### Work to be completed
From the first line of the records down to the one that holds "Dzień AIDS, aids.gov.pl", transcribe each line exactly and add nothing.

Records excerpted from a collection:

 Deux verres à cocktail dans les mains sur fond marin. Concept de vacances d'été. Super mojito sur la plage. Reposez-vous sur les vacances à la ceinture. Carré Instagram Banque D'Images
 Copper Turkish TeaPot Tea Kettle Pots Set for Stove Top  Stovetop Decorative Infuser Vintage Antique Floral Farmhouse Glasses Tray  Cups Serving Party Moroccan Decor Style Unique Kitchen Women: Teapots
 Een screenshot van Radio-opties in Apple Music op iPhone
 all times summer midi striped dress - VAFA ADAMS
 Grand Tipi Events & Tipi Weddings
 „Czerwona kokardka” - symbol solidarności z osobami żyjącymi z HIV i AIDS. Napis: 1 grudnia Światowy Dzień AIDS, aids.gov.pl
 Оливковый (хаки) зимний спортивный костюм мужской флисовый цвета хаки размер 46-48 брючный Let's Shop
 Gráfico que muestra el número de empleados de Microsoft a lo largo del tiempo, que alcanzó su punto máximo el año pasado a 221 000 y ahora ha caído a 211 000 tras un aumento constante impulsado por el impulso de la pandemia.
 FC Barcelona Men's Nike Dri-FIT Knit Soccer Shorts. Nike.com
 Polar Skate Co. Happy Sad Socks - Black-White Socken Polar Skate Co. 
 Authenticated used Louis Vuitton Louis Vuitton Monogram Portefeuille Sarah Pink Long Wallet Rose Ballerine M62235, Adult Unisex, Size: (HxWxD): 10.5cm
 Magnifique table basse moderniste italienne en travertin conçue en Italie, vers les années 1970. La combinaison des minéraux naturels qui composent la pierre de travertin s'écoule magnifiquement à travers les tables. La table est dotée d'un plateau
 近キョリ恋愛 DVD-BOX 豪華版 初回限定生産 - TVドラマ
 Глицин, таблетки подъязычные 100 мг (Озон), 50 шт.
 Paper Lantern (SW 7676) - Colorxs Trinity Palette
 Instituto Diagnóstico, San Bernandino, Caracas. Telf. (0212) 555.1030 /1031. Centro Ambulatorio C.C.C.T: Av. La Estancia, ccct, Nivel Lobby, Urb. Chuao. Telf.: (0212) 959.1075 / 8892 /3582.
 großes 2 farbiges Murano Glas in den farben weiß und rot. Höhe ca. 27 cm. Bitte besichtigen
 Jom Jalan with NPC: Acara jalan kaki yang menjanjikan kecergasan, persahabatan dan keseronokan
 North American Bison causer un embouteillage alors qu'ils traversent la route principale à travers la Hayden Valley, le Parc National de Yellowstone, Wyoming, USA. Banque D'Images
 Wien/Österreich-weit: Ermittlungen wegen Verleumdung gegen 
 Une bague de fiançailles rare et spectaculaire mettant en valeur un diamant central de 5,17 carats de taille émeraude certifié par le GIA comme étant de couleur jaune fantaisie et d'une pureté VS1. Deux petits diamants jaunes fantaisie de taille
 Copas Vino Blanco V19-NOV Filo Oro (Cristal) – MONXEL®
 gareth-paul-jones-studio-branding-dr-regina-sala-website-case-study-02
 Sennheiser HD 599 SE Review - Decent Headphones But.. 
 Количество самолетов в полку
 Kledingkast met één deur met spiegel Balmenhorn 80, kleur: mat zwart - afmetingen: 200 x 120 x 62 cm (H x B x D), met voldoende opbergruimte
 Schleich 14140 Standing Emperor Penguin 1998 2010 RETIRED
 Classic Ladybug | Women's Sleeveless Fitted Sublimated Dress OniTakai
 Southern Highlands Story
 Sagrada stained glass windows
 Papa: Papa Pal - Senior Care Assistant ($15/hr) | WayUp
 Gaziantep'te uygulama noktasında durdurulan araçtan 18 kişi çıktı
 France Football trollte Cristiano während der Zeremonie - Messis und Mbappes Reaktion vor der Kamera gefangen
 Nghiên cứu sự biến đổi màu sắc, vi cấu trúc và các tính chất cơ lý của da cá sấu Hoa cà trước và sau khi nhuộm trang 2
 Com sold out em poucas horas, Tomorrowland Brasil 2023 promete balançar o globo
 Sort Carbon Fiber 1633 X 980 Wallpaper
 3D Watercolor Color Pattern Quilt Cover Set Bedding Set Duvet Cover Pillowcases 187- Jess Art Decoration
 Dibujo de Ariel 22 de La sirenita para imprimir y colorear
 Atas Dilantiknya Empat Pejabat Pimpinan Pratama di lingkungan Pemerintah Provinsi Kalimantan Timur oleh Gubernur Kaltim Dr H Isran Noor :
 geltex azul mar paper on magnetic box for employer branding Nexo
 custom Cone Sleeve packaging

### Your response
 Deux verres à cocktail dans les mains sur fond marin. Concept de vacances d'été. Super mojito sur la plage. Reposez-vous sur les vacances à la ceinture. Carré Instagram Banque D'Images
 Copper Turkish TeaPot Tea Kettle Pots Set for Stove Top  Stovetop Decorative Infuser Vintage Antique Floral Farmhouse Glasses Tray  Cups Serving Party Moroccan Decor Style Unique Kitchen Women: Teapots
 Een screenshot van Radio-opties in Apple Music op iPhone
 all times summer midi striped dress - VAFA ADAMS
 Grand Tipi Events & Tipi Weddings
 „Czerwona kokardka” - symbol solidarności z osobami żyjącymi z HIV i AIDS. Napis: 1 grudnia Światowy Dzień AIDS, aids.gov.pl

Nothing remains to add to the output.